按照他的想法,自然是遠離此地,回到皮塔市去,但既然接受了這所謂的太陽神之遺產,那麼教會就不可能輕易讓他離開——那是嘍囉該有的待遇。
女主教的回答不出夏爾預料。
「你現在還處於晉級後的震盪期,等這個階段完畢後,你就可以無償獲得一次教會賦予的聖痕銘刻,然後參與加入驅魔小隊,具體行程,扎克瑞教友會給你安排,對了。」
說着,她突然想起什麼一樣,從白袍袖口拿出一枚水晶十字吊墜遞給夏爾。
「你的傳承會令你在有些時候非常容易暴露,未免被人盯上,你平時務必要帶上這個。」
「危急時刻,你也可以將水晶捏碎,這會激活一次空間轉移法術,但只限於一次,所以謹慎一些。」
夏爾老實地點了點頭,隨後在女主教的注視下,將吊墜掛在脖子上。
【你攜帶了空靈項鍊,在它的影響下,你的非人氣息被遮蔽】
……
之後女主教又叮囑了夏爾一番晉級細節後,沒有其他事項,於是示意此次談話結束。
夏爾告辭,稍顯恍惚的離開了此地。
……
廳堂內,注視着對方離去,女主教輕輕蹙眉。
她沒說的是,儘管這個時代,所謂的諸神已經落伍與消散,有些力量甚至比不上普通血脈,但上頭對這些人的重視卻不見減少。

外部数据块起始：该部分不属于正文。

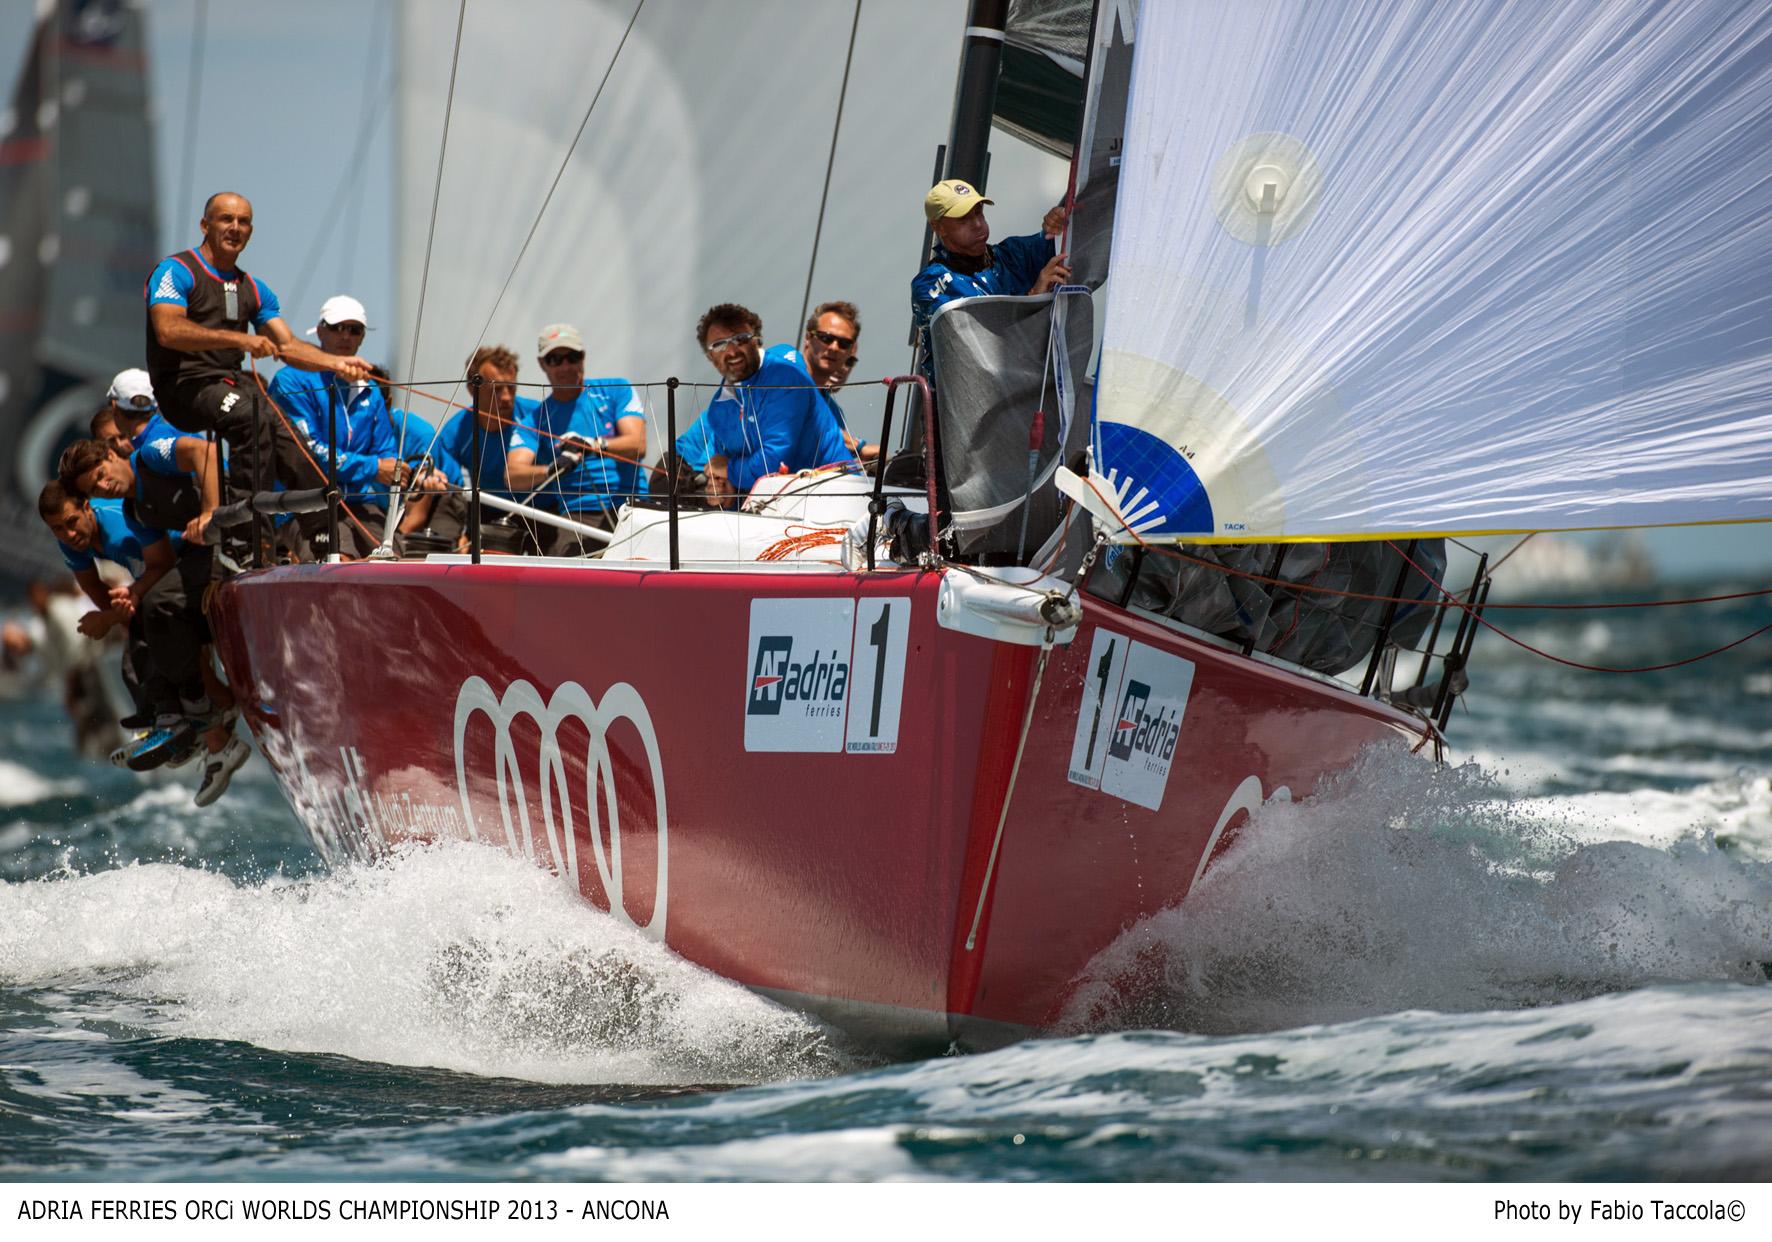 ADRIA ORC WORLD CHAMPIONSHIP 2013

每一位諸神之子的出現,都必須要求有總主教級別的高層親自接待並親手種下誓約束縛,並且重點保護,重點培養。
有人就曾經戲稱這些人是教皇們最喜歡收藏的「老古董」,看起來沒什麼用,但每多出一個,都能讓他們有種特殊的滿足感。
女主教覺得真相可能不止於此。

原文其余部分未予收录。